…A well-known line from Fiddler on the Roof, and a thought most people turn over in their head at one point or another.
Yesterday, my son was humming this first line of the song, over and over. We were in his kitchen talking about stuff: life, college tuition for his children, what home improvements to do next. In high school, many years ago, he had had a part in his school’s staging of the Broadway musical and the tune was escaping his lips like a reminder of an earlier and more carefree life. Not that he has it too hard right now, or that he’d like it to be any different. No, that’s not the point.
As we got in the car to drive home, night and silence filled the space between my wife and I, and I allowed myself to drift into that esoteric domain where imagination takes over and the dream of boundless wealth becomes eerily tangible, almost reality. As if ready to take off into the starry night, I pressed the accelerator with renewed vigor, changed a few lanes and passed a few fast-moving cars. My wife touched my arm. “Slow down, tiger.”
She was right to stop me. At this point in our lives, we don’t have to hurry anywhere. There is little that unlimited wealth could contribute to make us more content. We’ve been together for forty-five years. We have loving, healthy children and grandchildren. We travel. We have this and that and the other. Our friends respect us for who we are, not for what we have or might have if we were to suddenly win the lottery. I don’t want an ostrich jacket valued a sixteen thousand dollars — to use an example from current events. And I have no interest in shooting elephants in Africa, climbing Kilimanjaro, or sailing the world in a 150 ft private yacht with gilded faucets. I don’t need a castle on the Loire, or a penthouse on Fifth Avenue in New York City — although a place in a decent area of Manhattan would be nice during the Broadway season.
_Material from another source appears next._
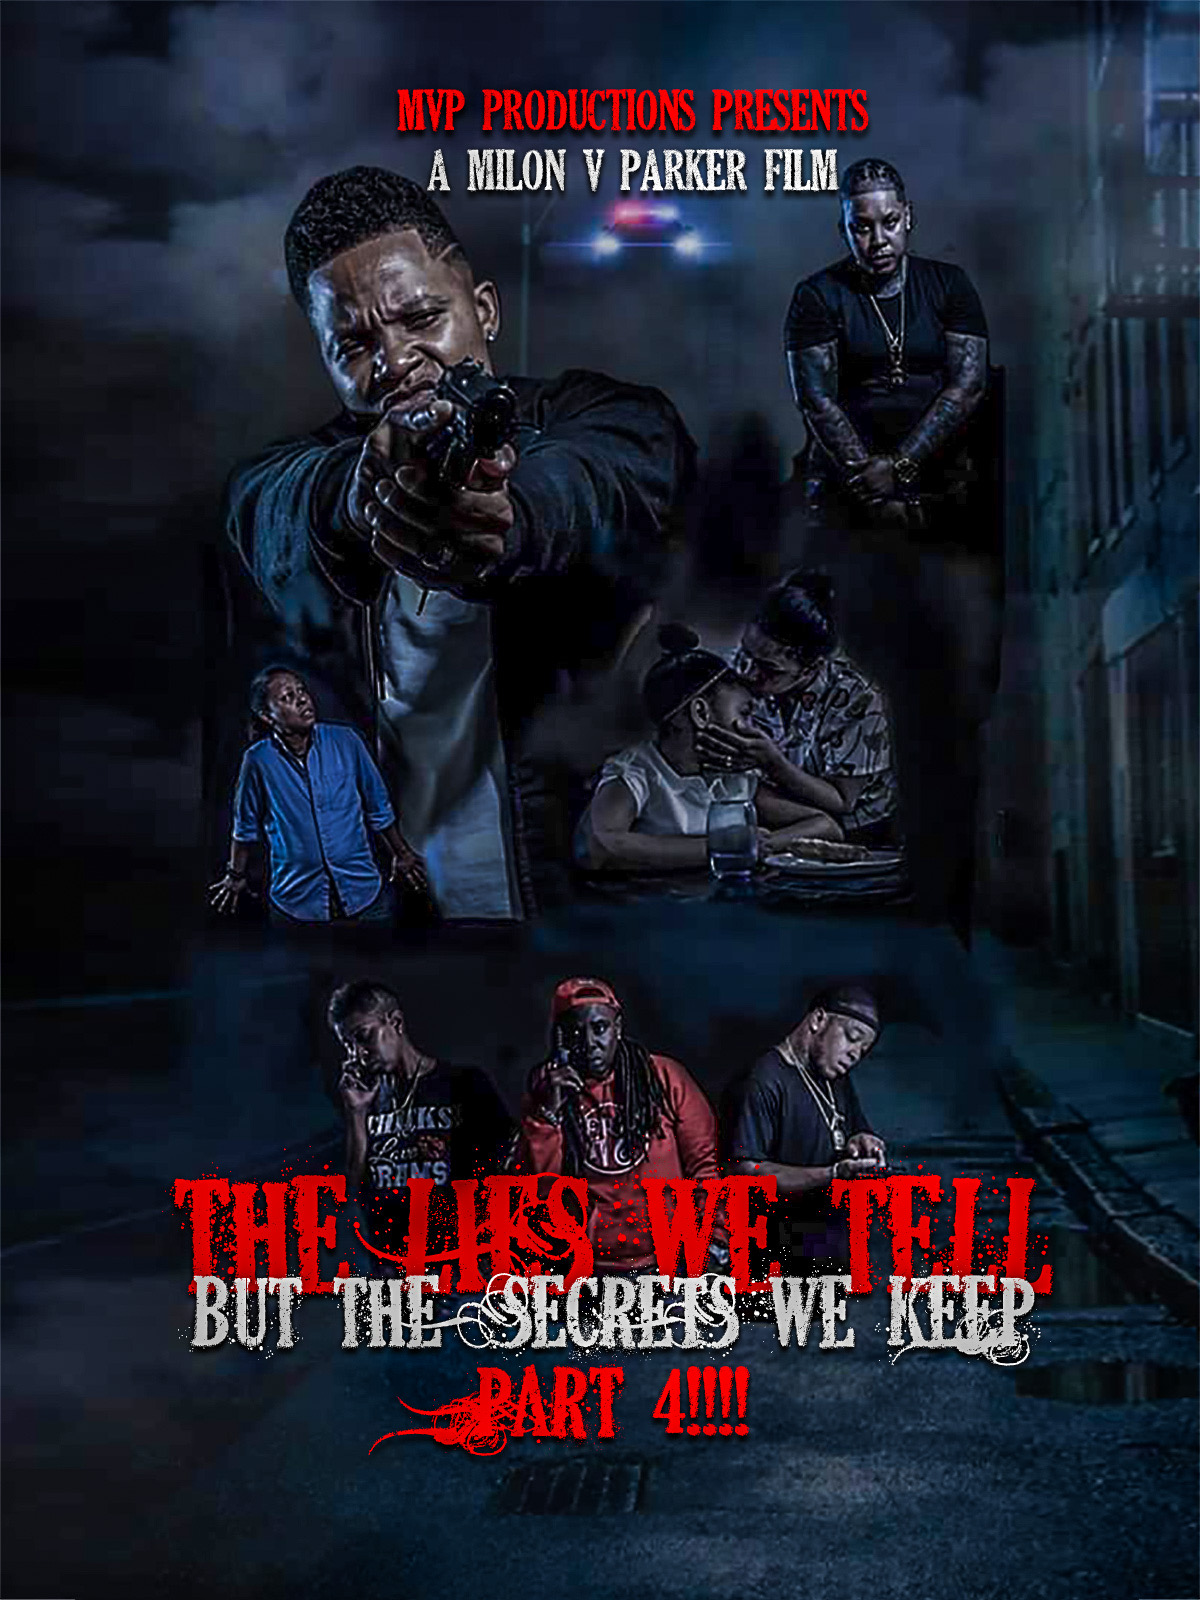 The lies we tell but the secrets we keep part 4 (2019) постер

If I were a rich man I might collect art. I might start a charitable organization and join forces with decent super rich people like Gates and Buffet. I might become a democratic donor. I would go to see tennis matches at Wimbledon and Flushing Meadows. For sure, I would buy a renowned publishing house, accept my own novels and promote them vigorously (I’d be convinced they are worthy).
The other day we flew from my daughter’s house in Denver, Colorado (where we helped for a few weeks with their five-month old baby girl, as I wrote in my previous blog) to our condo in San Diego, to spend two weeks with my son and his family. After that we fly back to Maryland, where we live, go see Hamilton at the Kennedy Center, and start preparing for autumn and our October cruise on the Mediterranean. And because of all this flying, there is one thing I would really like to be able to afford, if I were a very rich man.
I would always fly first class, especially internationally. It’s not a lot to ask, if you think about it, and it would make such a difference. Not only are you more comfortable and can sleep during the flight, but you are treated differently. You don’t fight the crowds and you feel like you belong to an elite group of people.
When I started flying, in the early seventies, getting on a plane was considered glamorous. People dressed up to fly. Food and drinks were served on most routes, and I remember a time when bringing home little gin and vodka bottles and tiny packages of salt, pepper and sugar was amusing and still a novelty. The cabin was hardly full, and people in couch had room to relax, stretch out and strike up conversations. But things have changed.
Sitting in coach, I rub shoulders with strangers, smell their onions in the footlong Subway sandwiches and build up my courage to wake up snoring fellow passengers to go to the bathroom, where I wait my turn for minutes on end while the frowning attendant tries to squeeze by me with a tray full of pretzels. Since I am not a midget or a Cirque du Soleil acrobat, I end up with muscle spasms, a frozen neck and swollen legs from the long hours of flying. I land at overcrowded airports that look like Grand Central Station at the end of a holiday weekend, and try to find my bags while hurried travelers hit me with their luggage as they maneuver heavy, look-alike suitcases off the baggage carousel.
A friend of ours, who travels more than I do, dreamed about flying by private jet and be whisked in and out of private airports by his chauffeur driven limo. That would be great, of course, but I don’t think I have to go that far. Traveling business class to Europe and Asia is the top of my ambitions. How nice it would be — refined five course meals, broad arm rests, silk pillow cases, large TV screens, wine and cognac.